Shogan argued she did not mean that, but then followed by saying that the three GOP presidents had a “rhetorical connection with the American people.”
“A rhetorical connection that you say is anti-intellectual and you feature every two term Republican president since Dwight Eisenhower,” Hawley noted. “It’s a piece on rhetoric, but you attribute part of the ‘anti-intellectualism’ of the Republican party, to in your words, to the rise of the religious Right. Because those voters are stupid?”
She disagreed with that characterization.
“You wrote an article saying basically that Republican voters are stupid, that Republican presidents deliberately appeal to anti-intellectualism,” Hawley pointed out with anger. “You roll it all up in this thing called Republican populism, yet you’re trying to present yourself here as a non-partisan. In fact, you’re an extreme partisan. … You’re someone who has denigrated Republican presidents; every two-term Republican president … since the Second World War and their voters.”
Hawley explained the importance of Shogan’s apparent partisan bias, obliquely referring to the FBI raid on former President Trump’s Mar-A-Lago home.
“This is not just a theoretical set of questions, because as you know, we have seen what happens when you have political activists in a position that you are up for confirmation for. And we are living through that as a nation right now,” he said.

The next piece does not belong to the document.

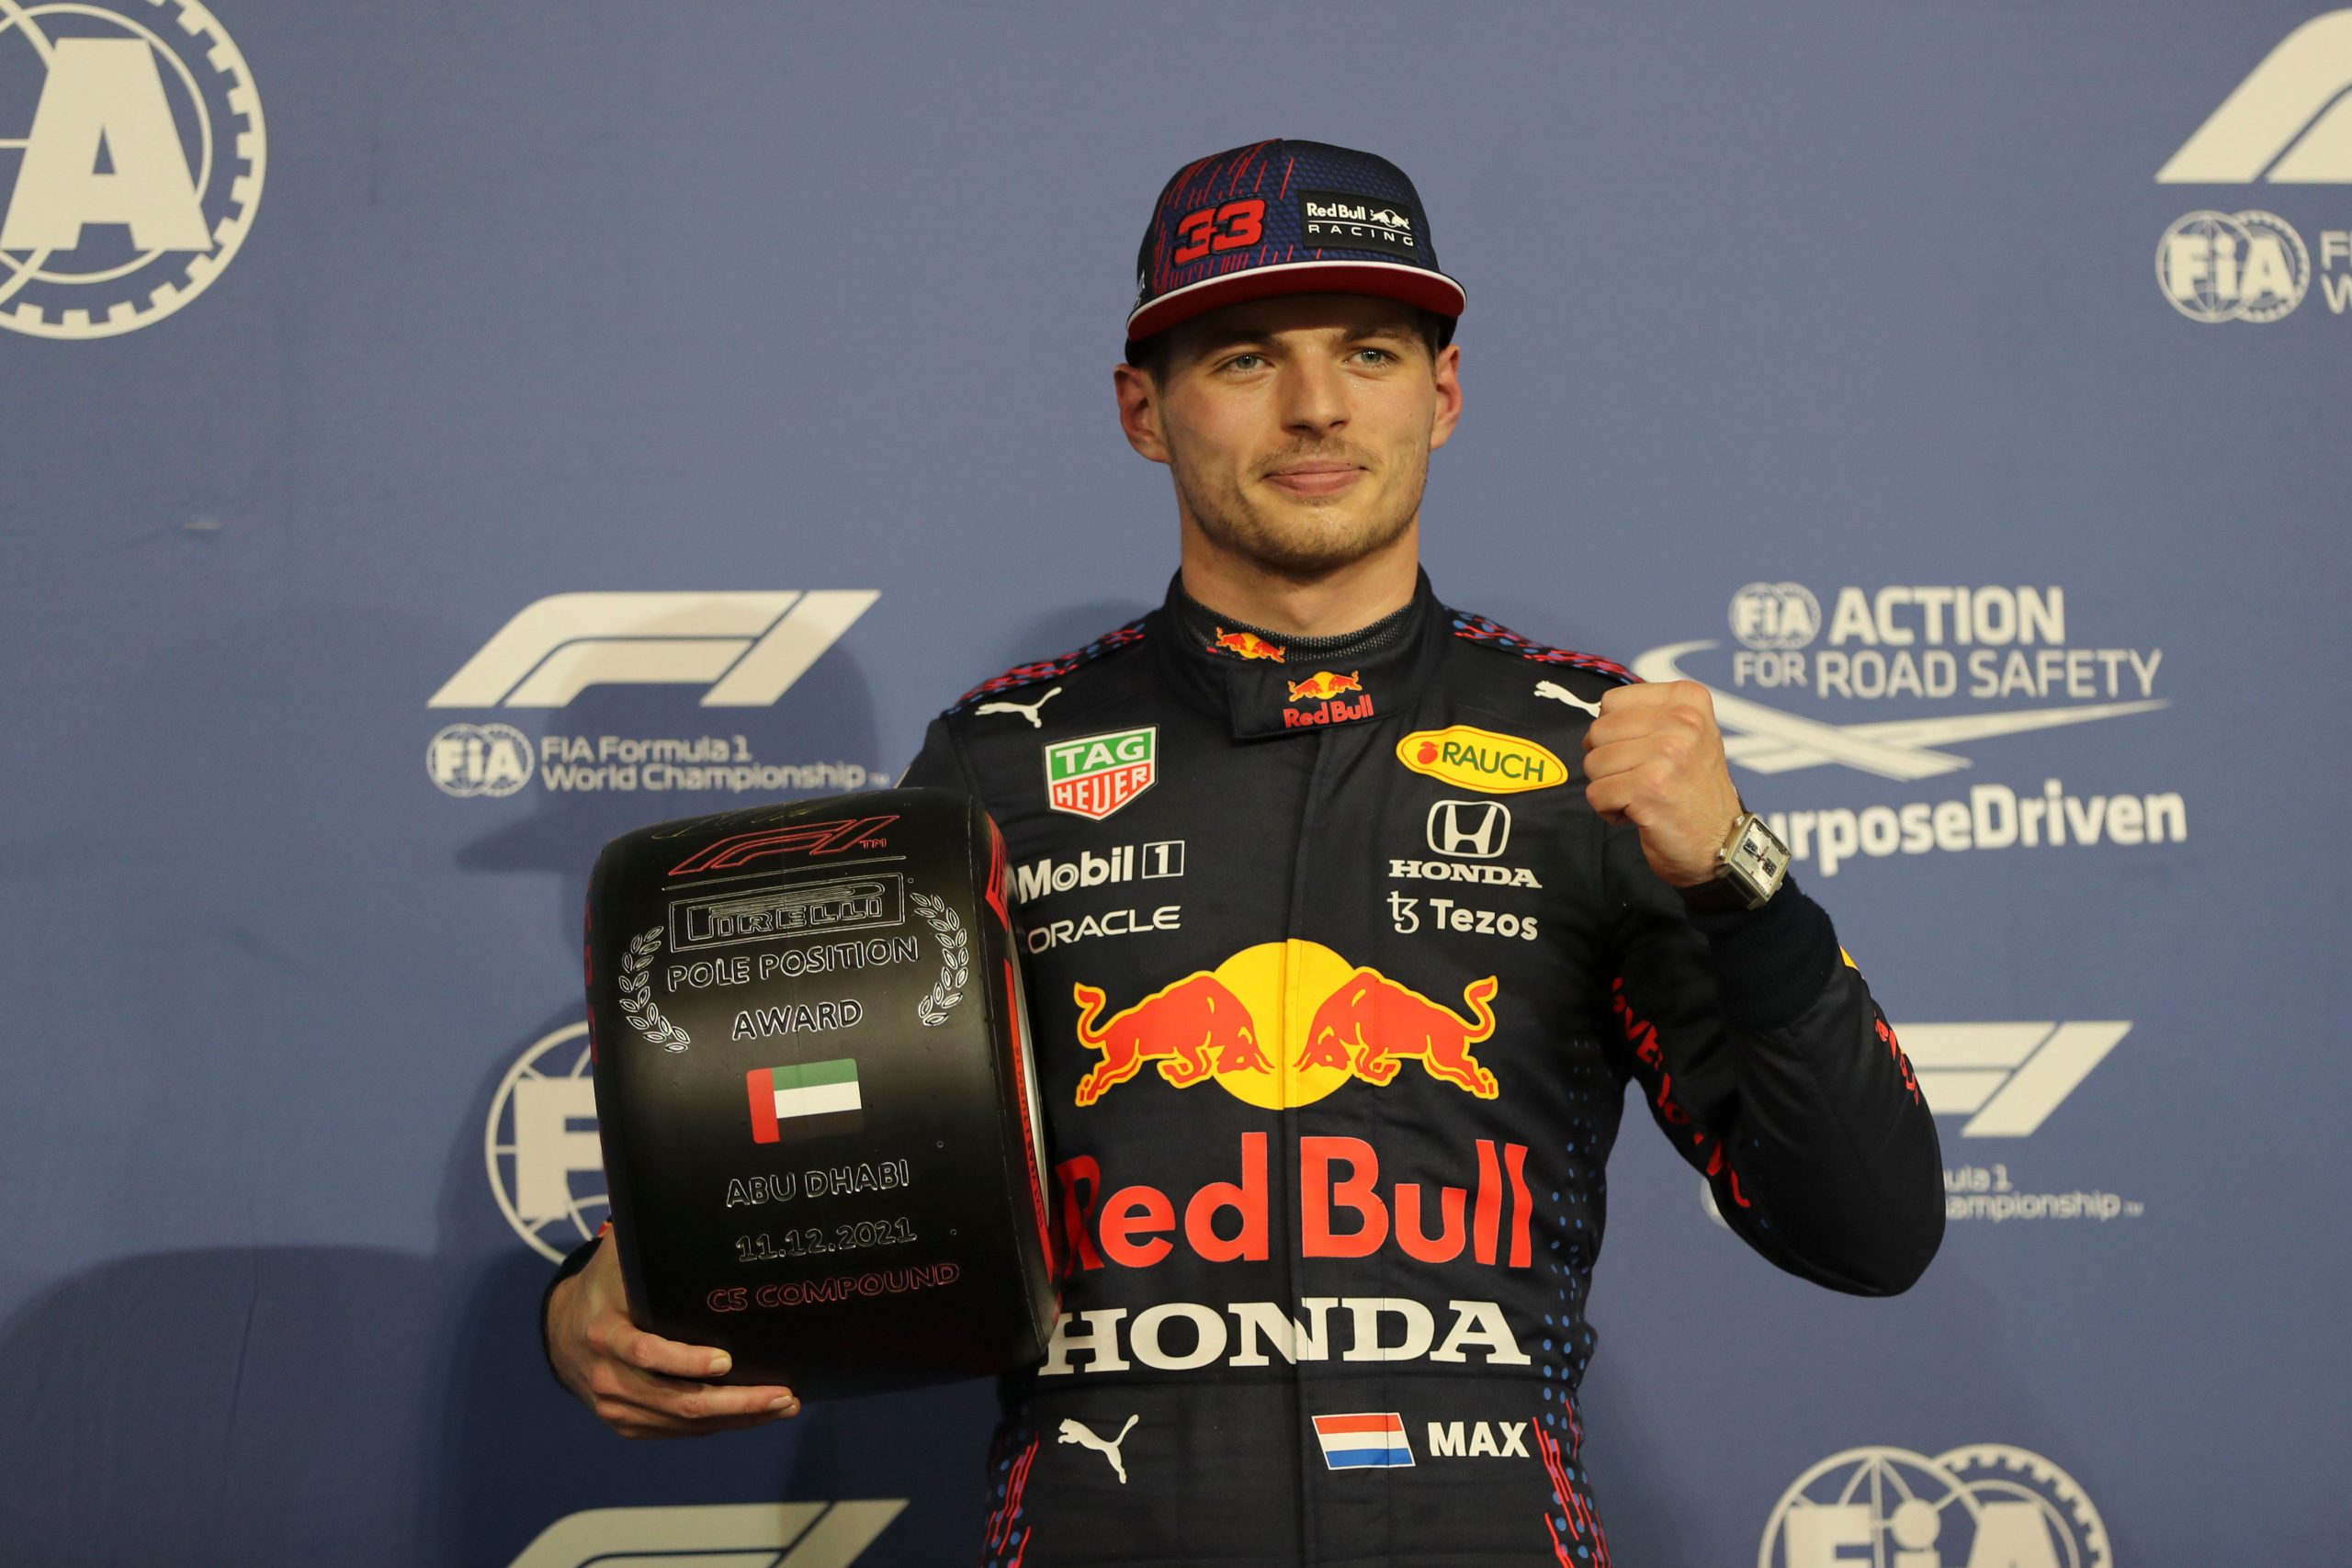 Mercedes lodge formal protest against Max Verstappen’s F1 victory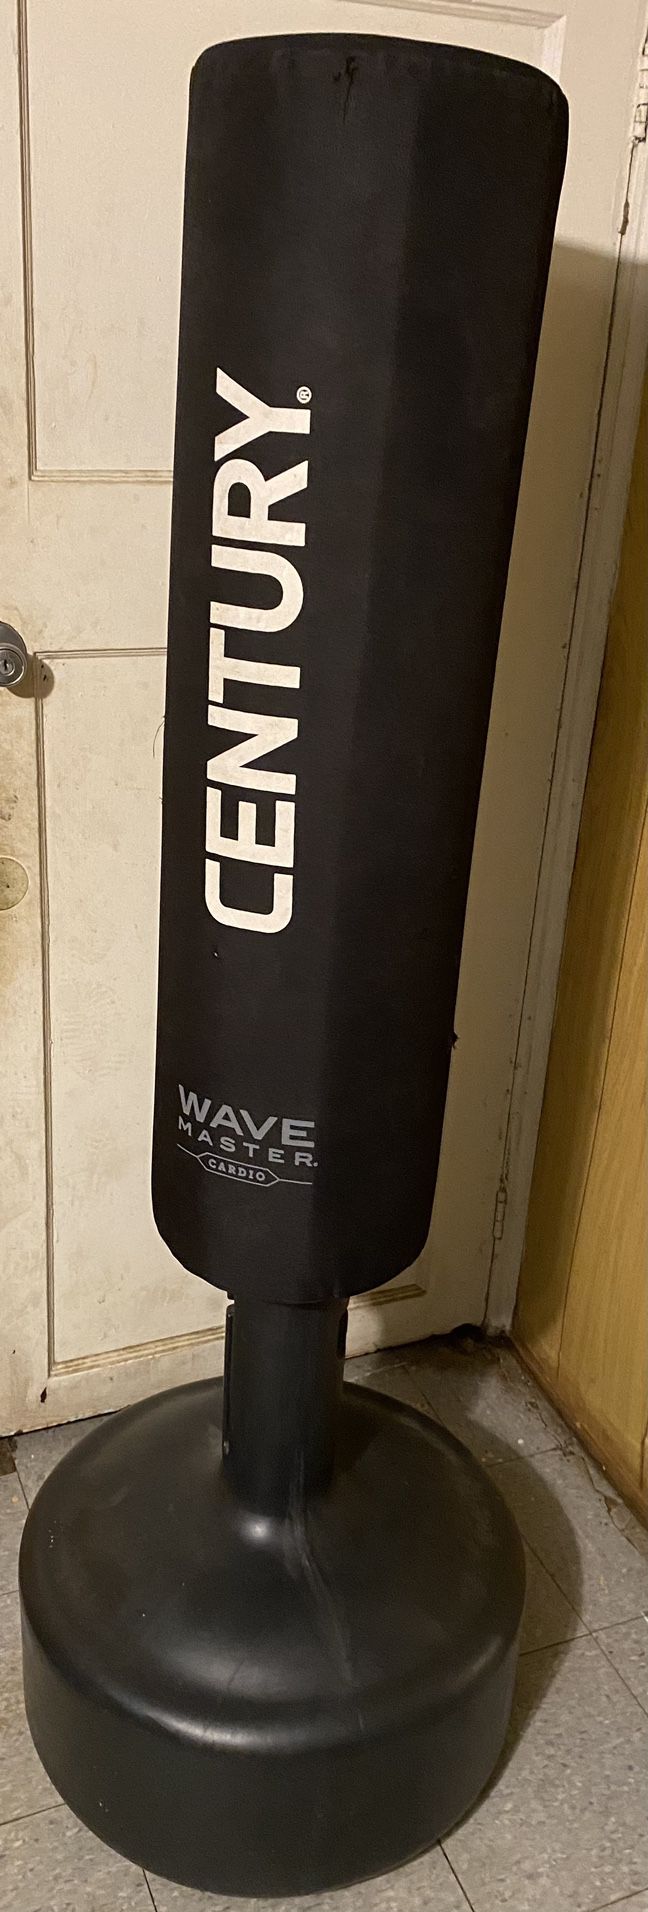 Boxing Bag With Boxing Equipment

“We are living through the weaponization, the political weaponization of the National Archives; the political weaponization of the Department of Justice; the political weaponization of the FBI, such that half of the people of this country cannot trust those institutions,” he continued. “We’re living with a president who calls half the voters of this county semi-fascists, who has said they are a threat to democracy.”
“How can you assure them that you will be truly non-partisan given what you have said?” Hawley concluded.